Meal rations are being reviewed in the field by Ann Delaney (left), Edith Jutras (centre) and Julie Brooks (right).

This fall, soldiers on exercises at various field units will be eating their lunch with the team from the PMO National Combat Rations Programme who will be hearing comments and opinions on the food and its packaging in an operational environment. 

Edith Jutras, Manager of the Program, says ration packs used to have feedback forms inside, but the rate of return was extremely low.

She believes being in the field with the troops will build an understanding of what soldiers like and don’t like about their rations, and will help steer improvements in years to come.

“The troops will have a chance to meet and talk directly with us,” she says. “In the past few years we have focussed our efforts on improving food taste and variety. Now we will evaluate the packaging in order to make it more in line with soldiers’ needs. We’ve already cut down the number of loose items in the ration pack in response to soldier comments, and we’re looking at switching to reusable packaging if possible.”

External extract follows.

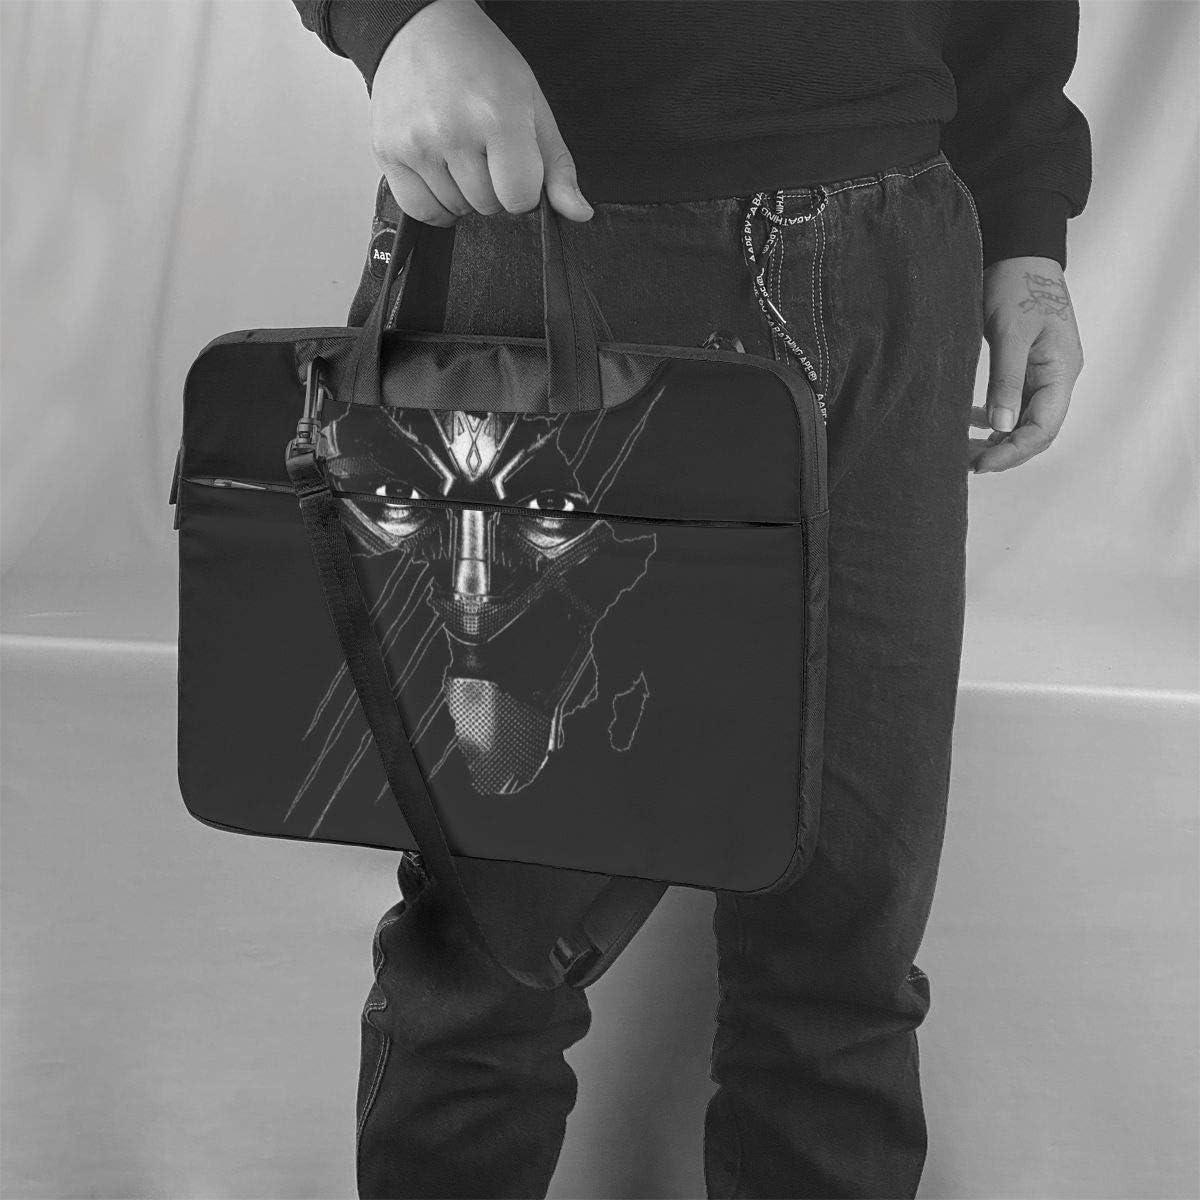 Superhero Superhero Panther Laptop Bag Laptop Messenger Bag Laptop Shoulder Bags Polyester Messenger Carrying Briefcase Sleeve with Adjustable Depth at Bottom 14 inch

The PMO National Combat Rations Programme is part of the Directorate of Food Services in the DCOS division and is responsible for the shelf-stable packaged meals that are provided to soldiers in the field.

The small three-person team designs the rations and validates requirements, works with industry to develop recipes and new products, contracts for all the components, supervises production and assembly, conducts testing and quality validation, and provides expertise on stock management.

Combat rations must adhere to NATO standards for nutrition and interoperability so allied soldiers can easily eat rations during joint operations.

The team works years ahead due to a long production and procurement process; currently they are developing menus for 2015.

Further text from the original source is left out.